No one wanted to get involves, Tim didn't blame them. It was his job to protect those people, not the other way around.
He was in no shape to fight, or even to run. Hell, just walking was taking all of his energy. There was no flash of blue police uniform, no glimpse of Batman's shadow in the sky. He kept on scanning the streets though, hoping he'd spot a phone booth at the very least, or a traffic camera for Barbara to pick him uo on. He kept hoping right until the hand grabbed hold of his shoulder.
"Hey kid, I was talkin ta you."
Tim was spun around so fast he lost his balance, falling into a puddle of something that definitely didn't smell like water.

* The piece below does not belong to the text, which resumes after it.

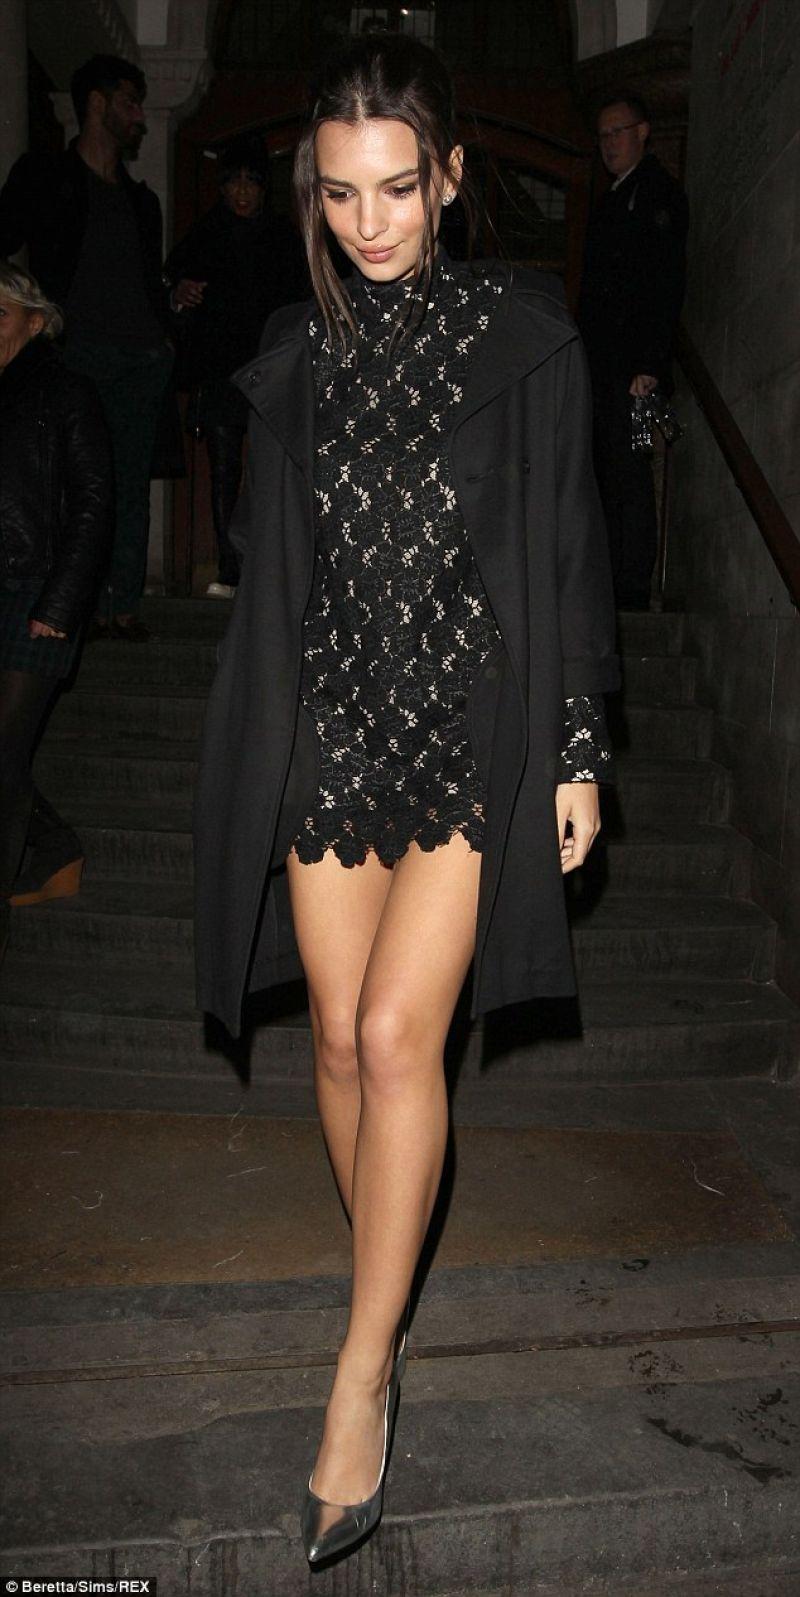 EMILY RATAJKOWSKI at Giles Deacon Fashion Show in London

"S-sorry." Tim's stutter wasn't completely fake as he looked up at the men. They were all of them at least as tall as Bruce.
"Sorry?" The one who'd spoken first chuckled, putting on a smile that sent ice shooting through the boy's veins. "Not sorry enough Mister Drake."
Okay, so apparently he hadn't been blending in as well as he thought he had. Tim swallowed, his hands balling into fists at his sides as he looked around one last time for some sort of surveillance equipment. The men moved nearer, Tim's hand ghosted towards the butter knife in his sock for all the good it would do him.
In a few seconds it didn't matter, he was hauled off the ground and tossed unceremoniously into the nearest alley. Burning pain shot through the left side of his body, jarring his immediate thoughts from his mind while his weak fingers held on to his useless weapon.